A block cipher by itself allows encryption only of a single data block of the cipher's block length. For a variable-length message, the data must first be partitioned into separate cipher blocks. In the simplest case, known as the Electronic Codebook (ECB) mode, a message is first split into separate blocks of the cipher's block size (possibly extending the last block with padding bits), and then each block is encrypted and decrypted independently. However, such a naive method is generally insecure because equal plaintext blocks will always generate equal ciphertext blocks (for the same key), so patterns in the plaintext message become evident in the ciphertext output.

To overcome this limitation, several so called block cipher modes of operation have been designed and specified in national recommendations such as NIST 800-38A and BSI TR-02102 and international standards such as ISO/IEC 10116. The general concept is to use randomization of the plaintext data based on an additional input value, frequently called an initialization vector, to create what is termed probabilistic encryption. In the popular cipher block chaining (CBC) mode, for encryption to be secure the initialization vector passed along with the plaintext message must be a random or pseudo-random value, which is added in an exclusive-or manner to the first plaintext block before it is being encrypted. The resultant ciphertext block is then used as the new initialization vector for the next plaintext block. In the cipher feedback (CFB) mode, which emulates a self-synchronizing stream cipher, the initialization vector is first encrypted and then added to the plaintext block. The output feedback (OFB) mode repeatedly encrypts the initialization vector to create a key stream for the emulation of a synchronous stream cipher. The newer counter (CTR) mode similarly creates a key stream, but has the advantage of only needing unique and not (pseudo-)random values as initialization vectors; the needed randomness is derived internally by using the initialization vector as a block counter and encrypting this counter for each block.

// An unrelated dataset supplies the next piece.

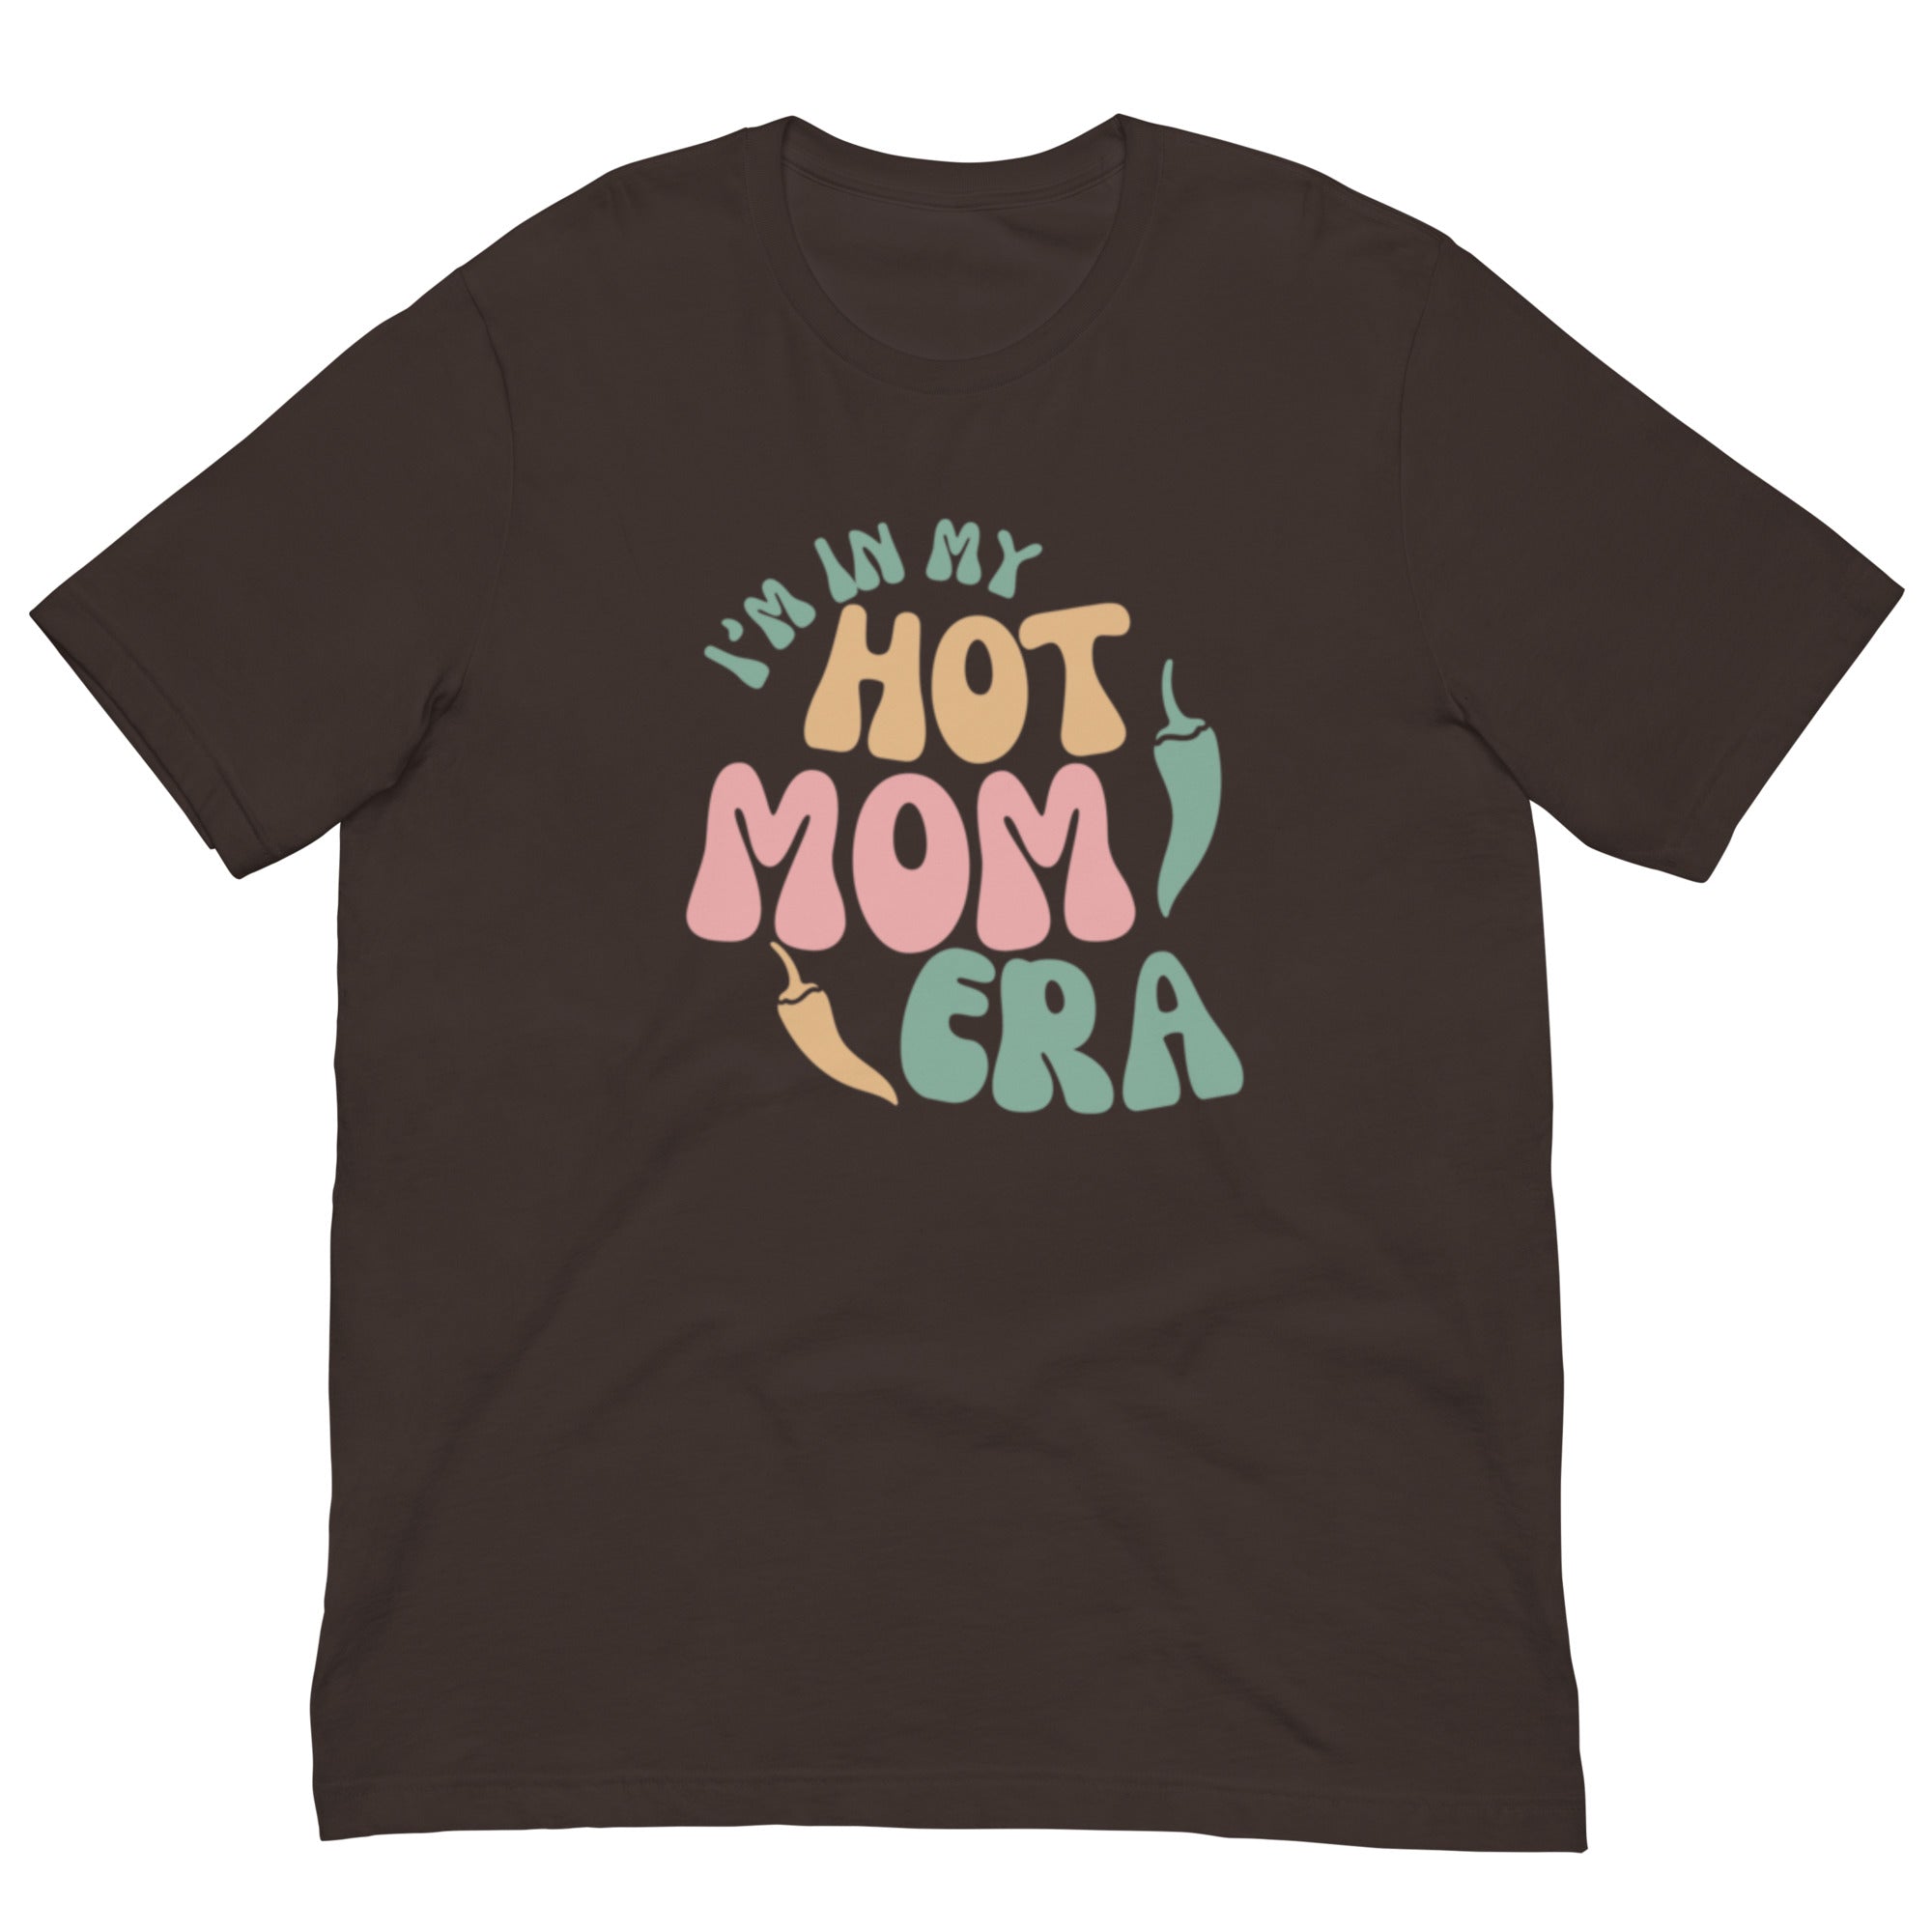 A brown, breathable Era Shirt with the phrase "in my hot mom era" printed in colorful, playful letters on the front.

From a security-theoretic point of view, modes of operation must provide what is known as semantic security. Informally, it means that given some ciphertext under an unknown key one cannot practically derive any information from the ciphertext (other than the length of the message) over what one would have known without seeing the ciphertext. It has been shown that all of the modes discussed above, with the exception of the ECB mode, provide this property under so-called chosen plaintext attacks.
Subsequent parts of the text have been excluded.